Now let me ask you something. How do you have that kind of hope? How do you have that kind of hope? Someday, if you haven't already, you're going to have a week like I had, and the question that's gonna come to you is, "Now what?" Now what? Can God be trusted? Is Jesus real enough to still make a difference in my life? Do I have a firm foundation or is the sand slipping away under my feet? That question will come to you. How will you be able to say, "Nevertheless, I will rejoice in the Lord"? I'll tell you how. It's when you can say these three words, "God, my Savior." God, my Savior. Not just somebody else's Savior, my Savior.
He was Phil's Savior, especially in these last years. The sickness, it was a crucible for Him, and maybe He was ready to see the Lord. Are you? You can be, you will be when you can say, "God, my Savior." You know, this is really the gospel. This is what happens to you when your life gets swallowed up into the life of Christ and not just the life of Christ, but the death of Christ and the resurrection of Christ. In fact, I was talking to our good friend Craig Barnes on Friday. He was kind enough to call me, and if you know about Craig, he's one of the smartest, wisest guys. That's why he's the president of Princeton Seminary, and yet for some reason that I can't explain, he still chooses to call me his friend.

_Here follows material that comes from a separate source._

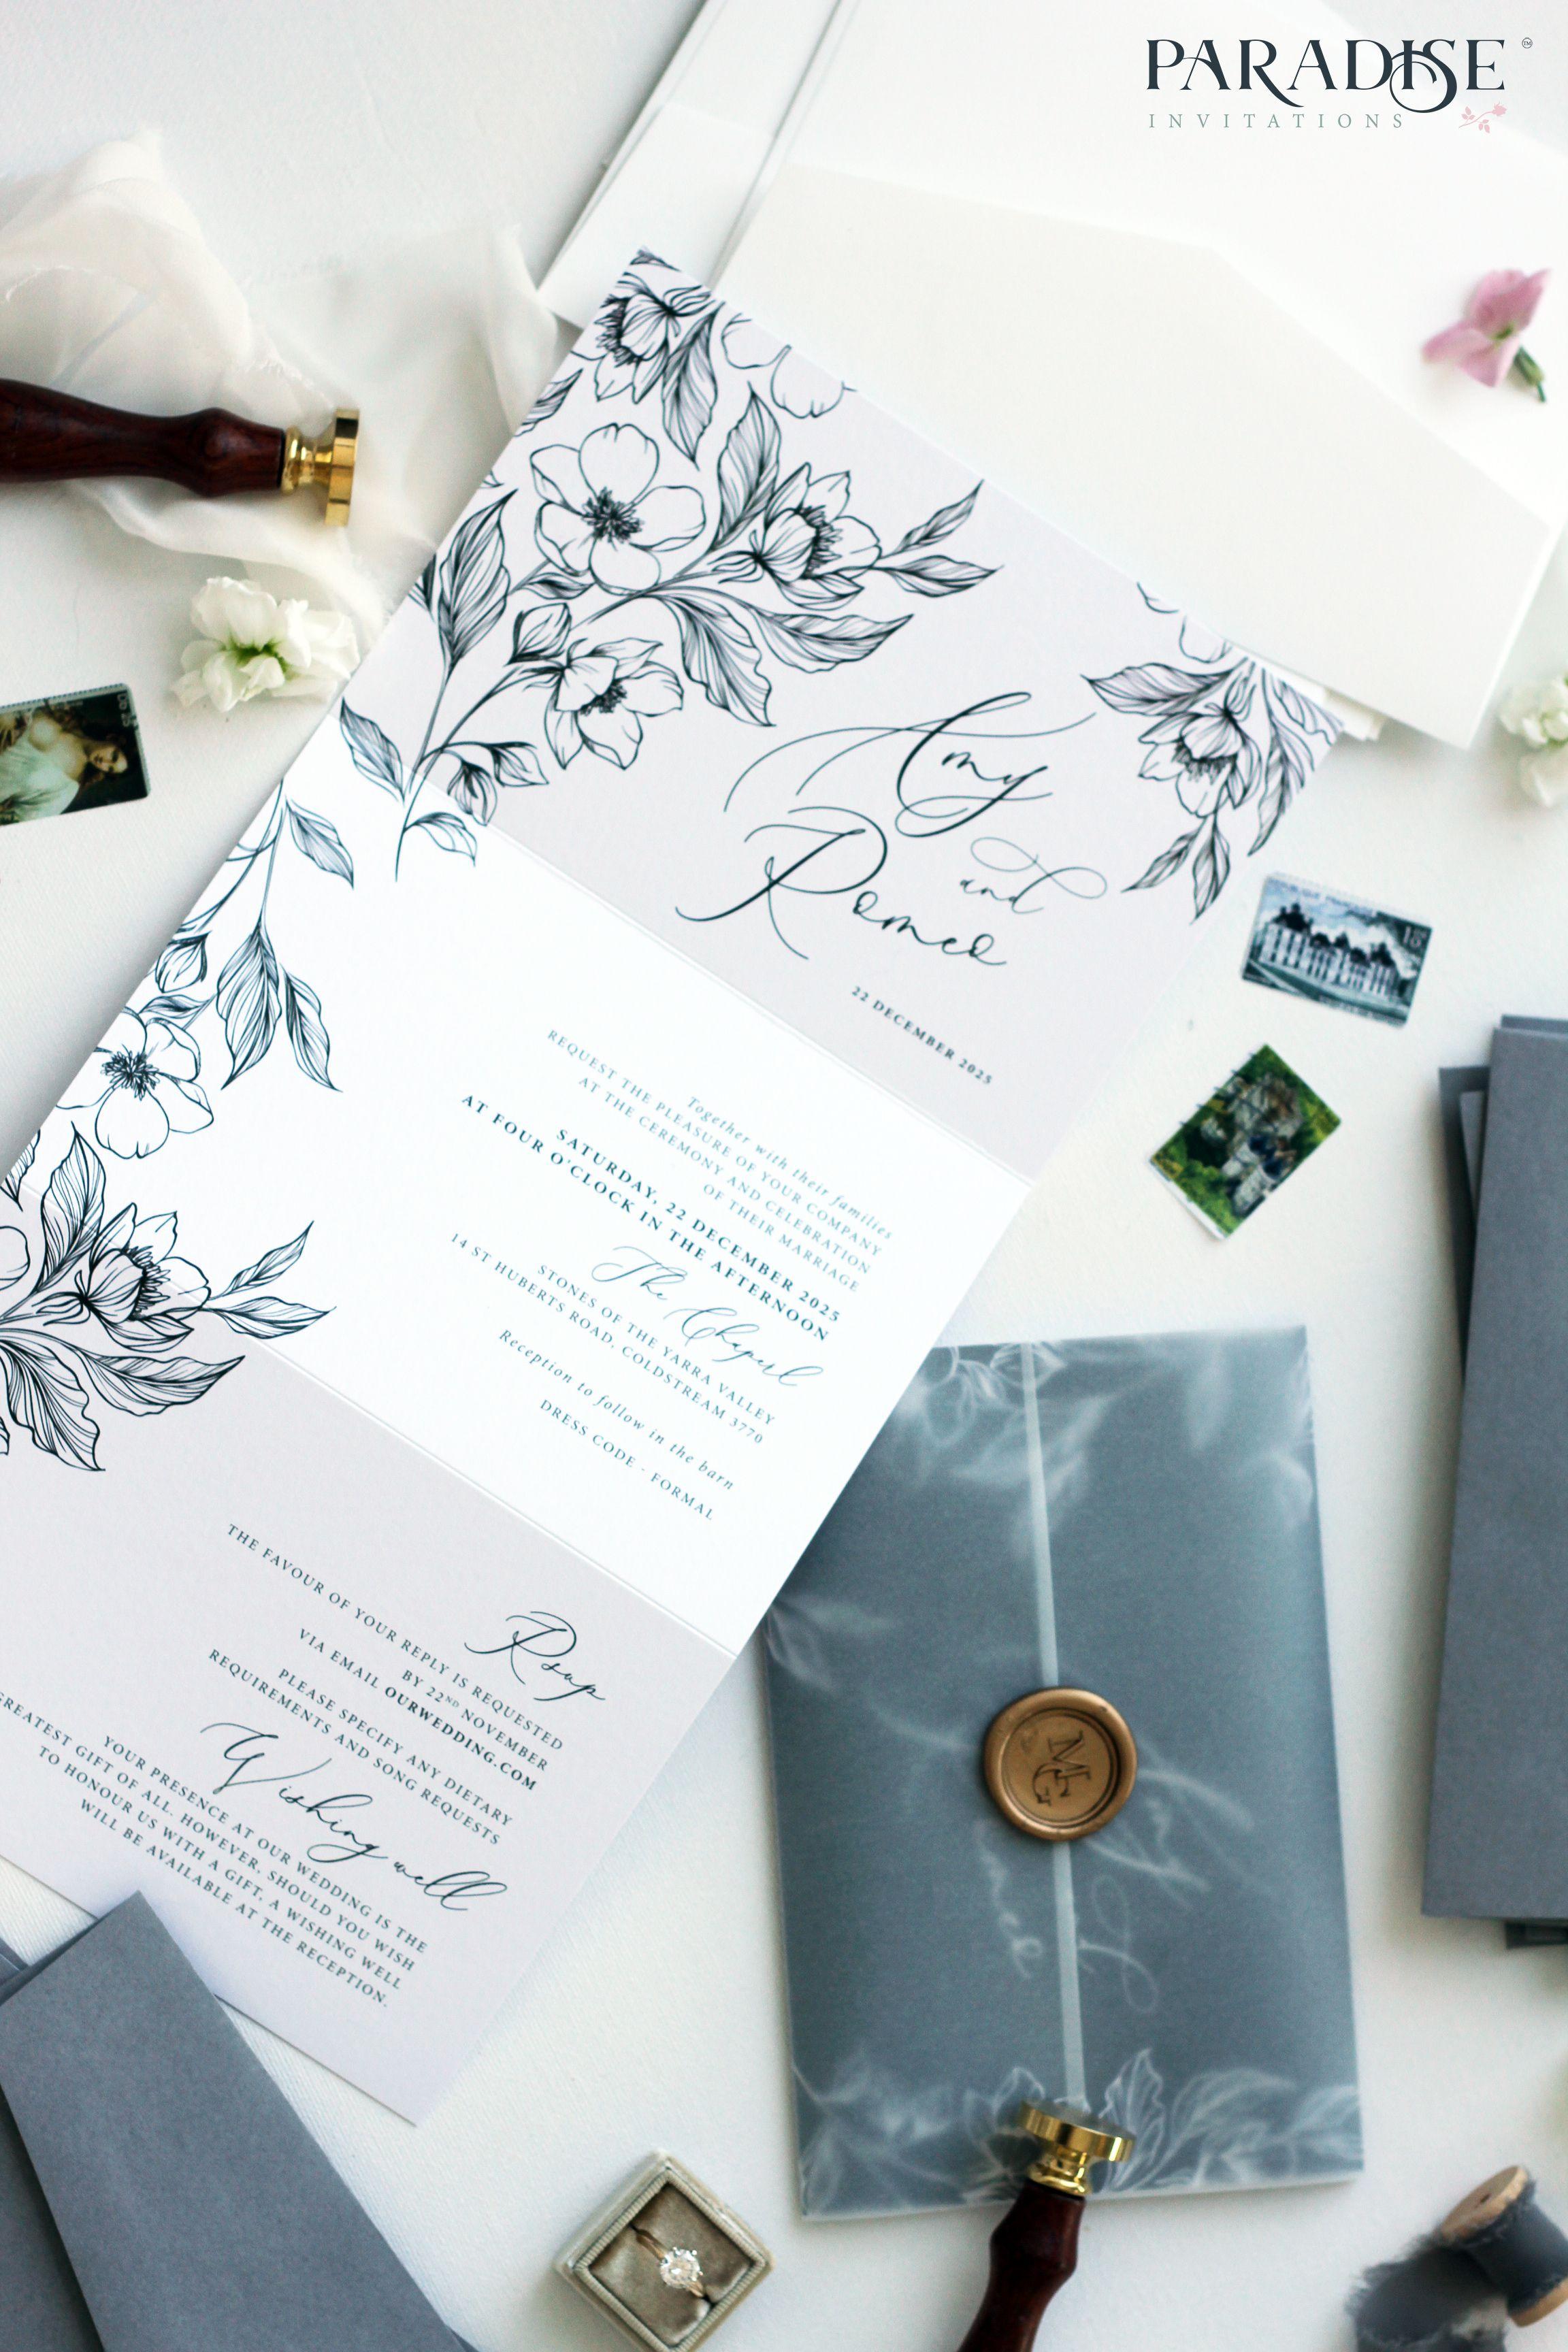 Anne Cecile Hand Drawn Floral Tri Fold Wedding Invitation Undangan Pernikahan Mewah Kartu Undangan Pernikahan Contoh Undangan Pernikahan

And as I described to him the arc of this week from the highs of Monday and the yes, and then the descent into wait, and then into no. He said, "Mark, that's the same arc as Holy Week. That's Jesus riding high on a donkey as He enters Jerusalem, and everyone's saying, 'Hosanna, blessed is He who comes in the name of the Lord, we're saved. Yes, God!' But then that's Jesus in the garden saying, 'Father, if it's possible, take this cup from me.' It was one of the last things I prayed on Wednesday night. 'Father, if it's possible, take this cup.' I think Phil's okay with this cup, but take it from his wife and his boys.
And then, of course, there is the agony of Jesus on the cross, dying by suffocation, though less, saying, 'My God, my God, why have you forsaken me?' You see, if you follow Jesus long enough, you will begin to recognize that the life and death and resurrection of His life, it impresses its shape upon your own life. There is a contour to the gospel that shapes our lives in a mysterious way. You start to see these connections that remind you that your life is bound up in His.
But when you're reminded of that, you realize that you could say, "Nevertheless, I will rejoice in the Lord." Again, this is about all of us. This is about you. And so when you're in the highest of highs, by all means, give God the glory. And when you're in the waiting times, remember, you may not have the answer, but you have something better. You have Him. You know, when you were a kid and you were in the dark and you had a nightmare or you thought there was a monster under your bed, it wasn't your mom's words that made it better, it was her presence.
You have His presence always. And when you find yourself in the lowest of griefs, where the fig tree does not bud and there are no grapes on the vine, I hope and I pray that you always remember that in your darkest moments, He will give you strength. He will make your feet like the feet of a deer and enable you to go on to the heights like He did for my dear friend Phil. Godspeed and Godspeed to all of you.